____ Dataset extract

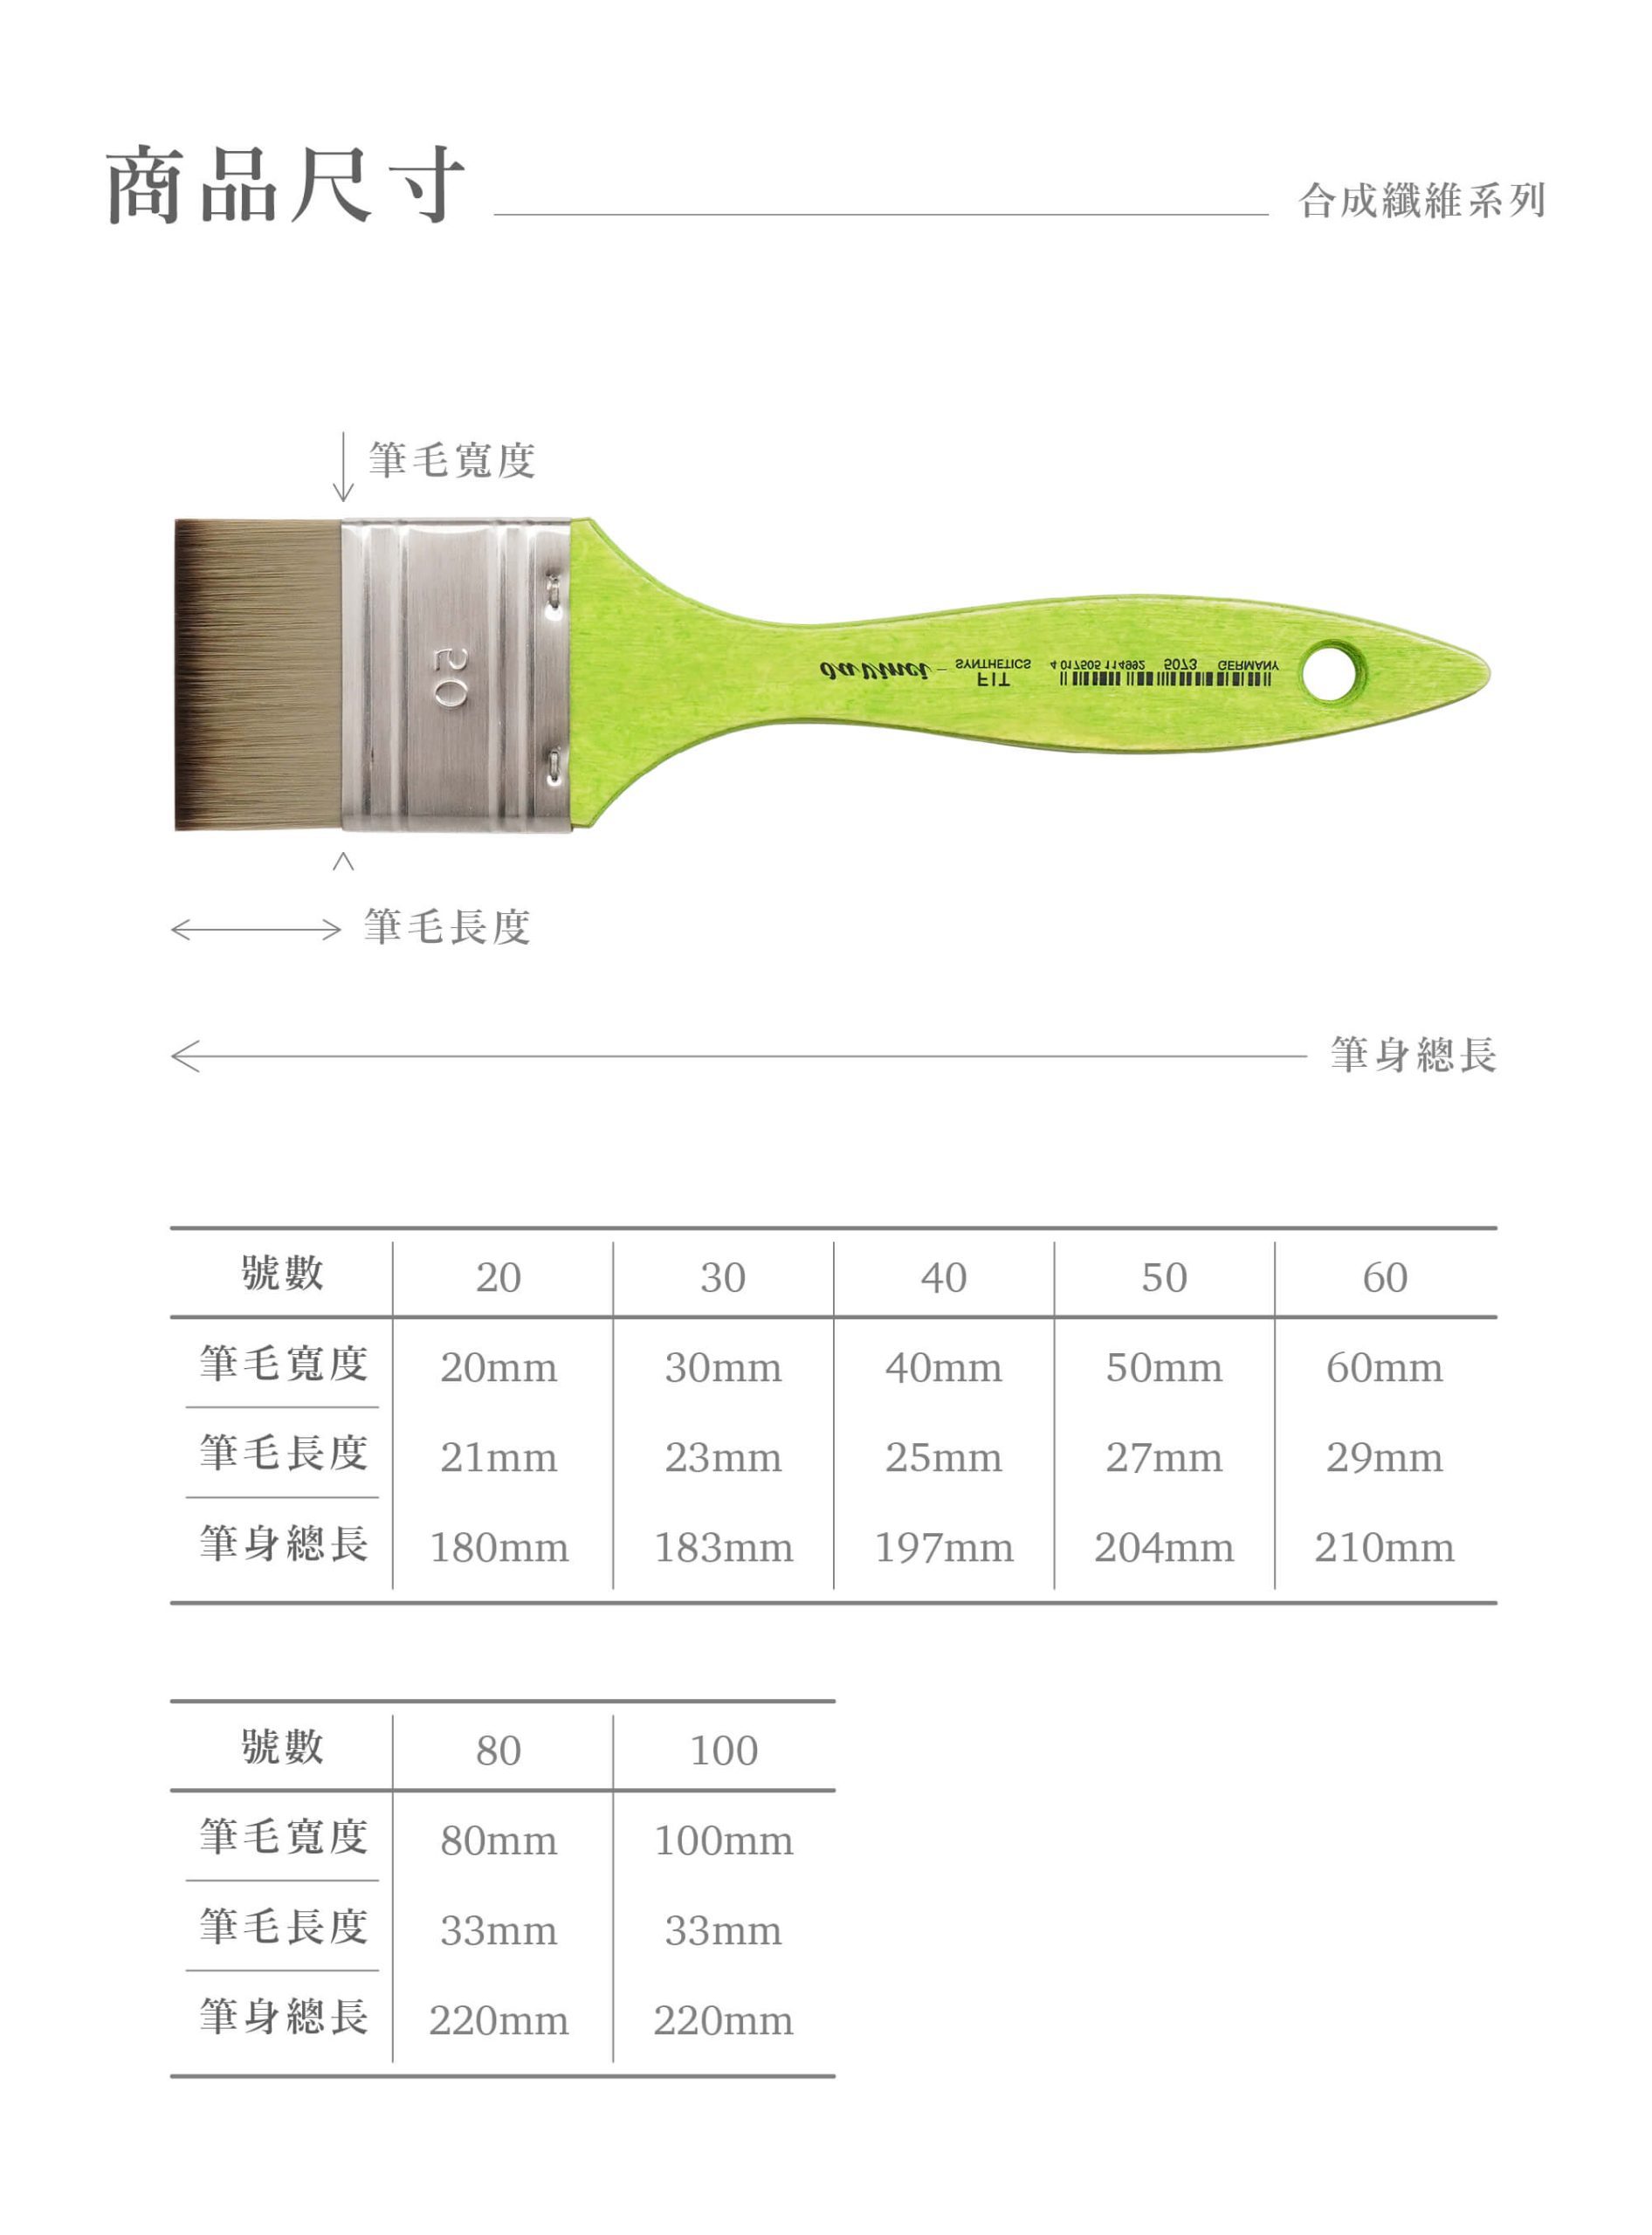 Da Vinci Fit Synthetic 20mm Mottler Brush, Series 5073
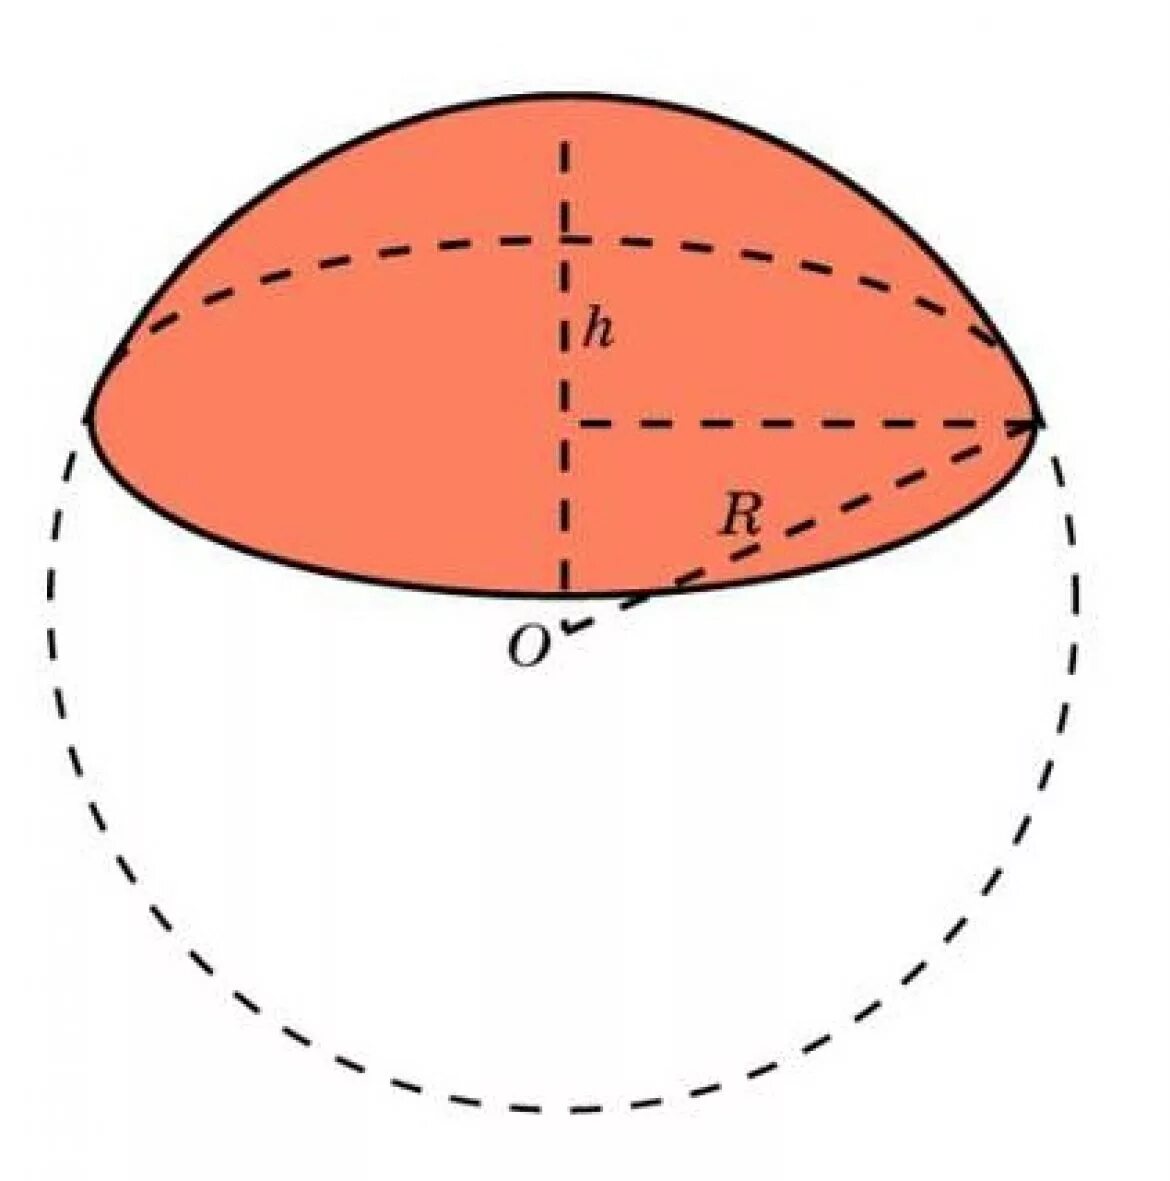 Площадь поверхности шарового сегмента. Площадь поверхности сферического сегмента. Площадь поверхности шарового сектора. Площадь сферической поверхности шарового сегмента.
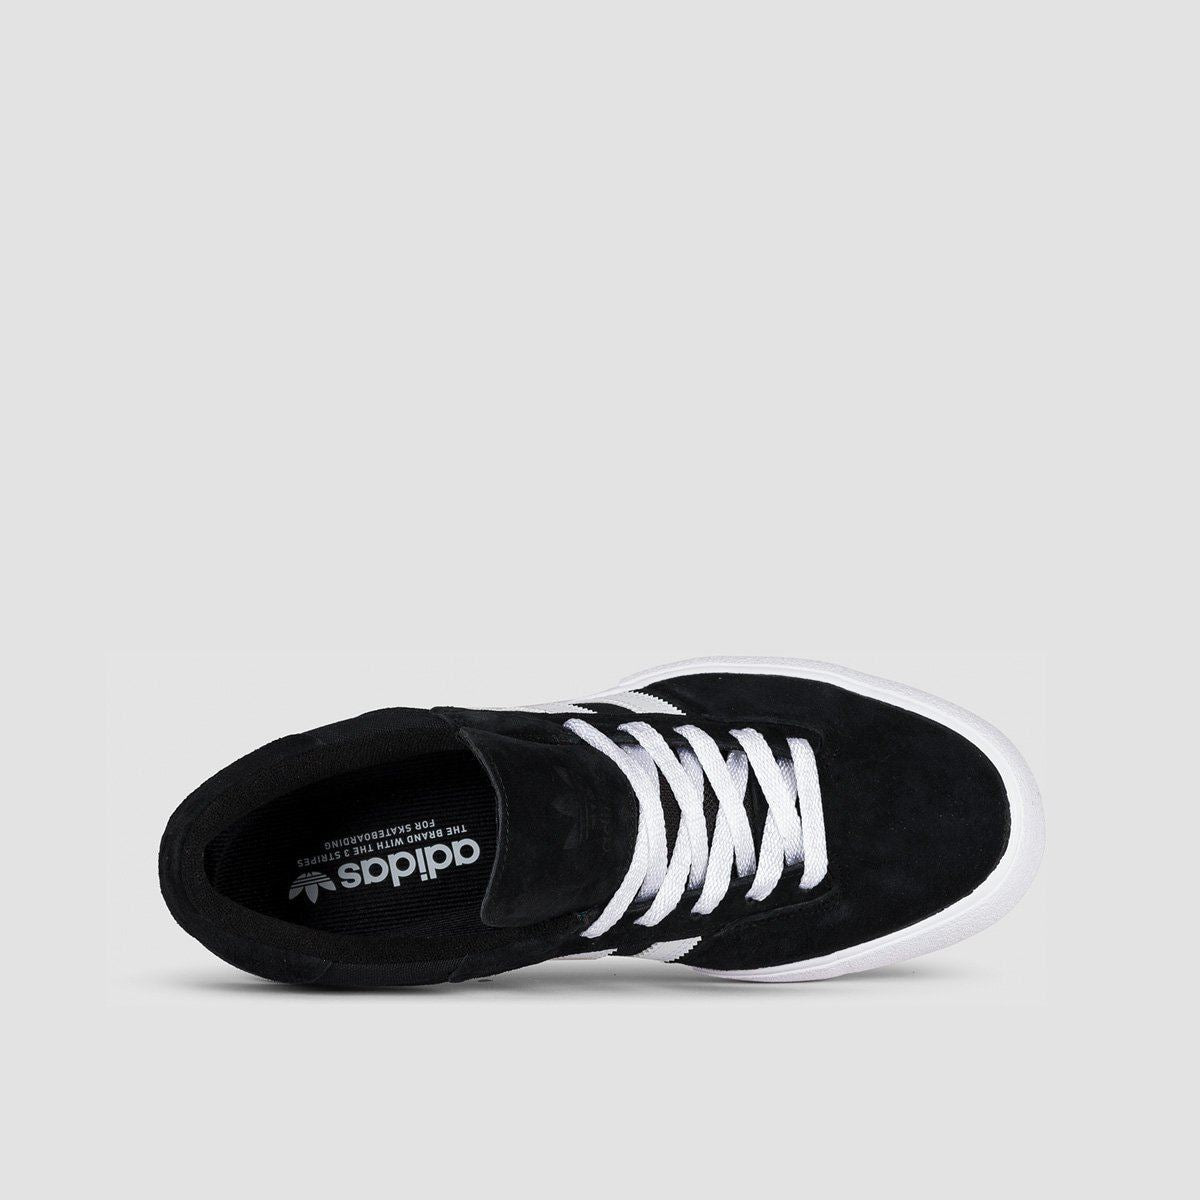 adidas Matchbreak Super Shoes - Core Black/Footwear White/Gold Metallic
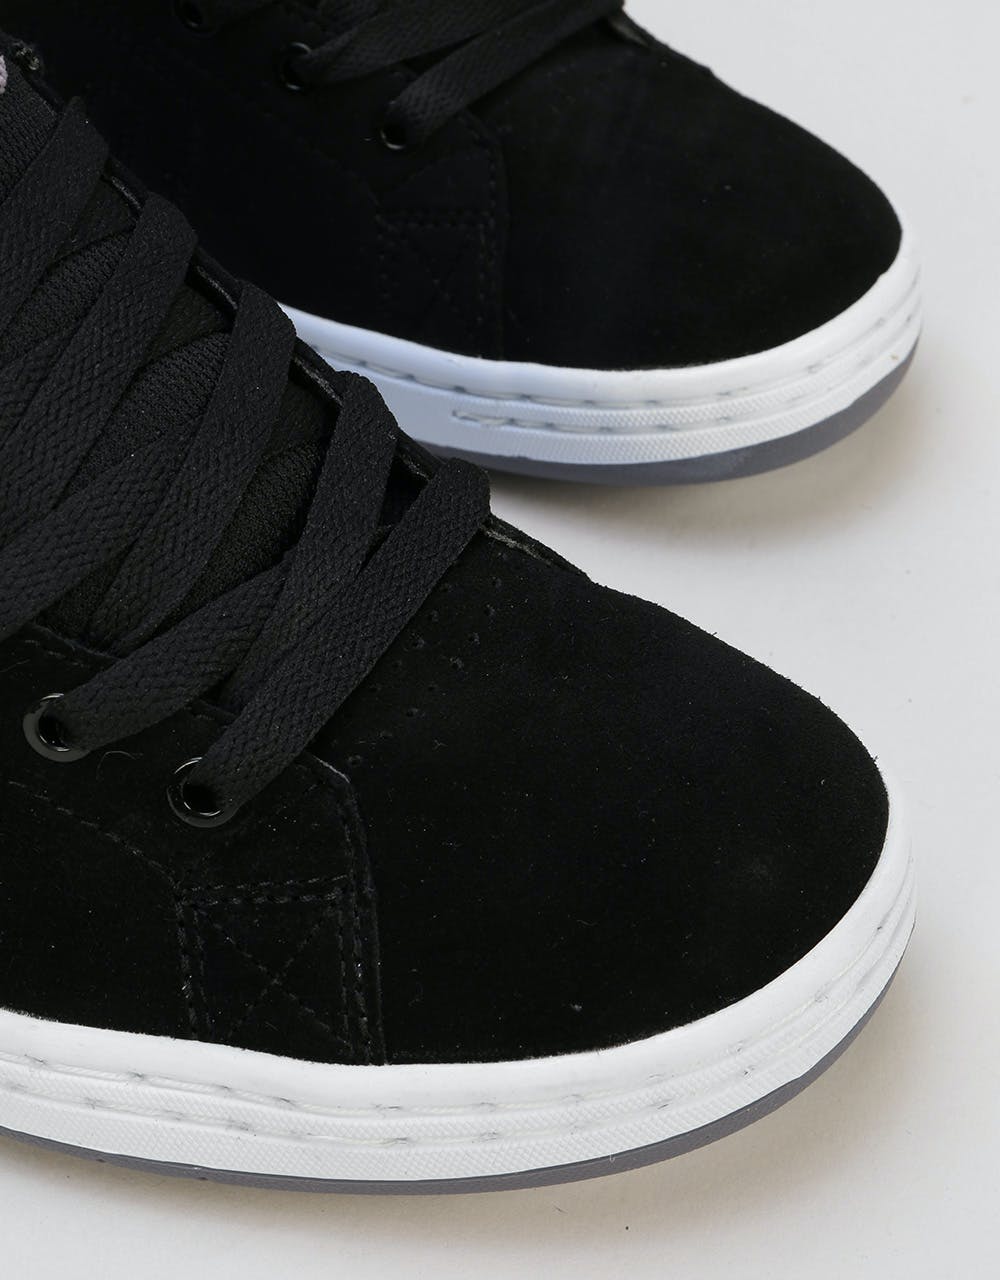 Etnies Calli-Cut Skate Shoes - Black/Grey

________

**Exercise description**
The reply should contain all of the data above, word for word, with no pictures.

**Written solution**
 Da Vinci Fit Synthetic 20mm Mottler Brush, Series 5073
 Площадь поверхности шарового сегмента. Площадь поверхности сферического сегмента. Площадь поверхности шарового сектора. Площадь сферической поверхности шарового сегмента.
 adidas Matchbreak Super Shoes - Core Black/Footwear White/Gold Metallic
 Etnies Calli-Cut Skate Shoes - Black/Grey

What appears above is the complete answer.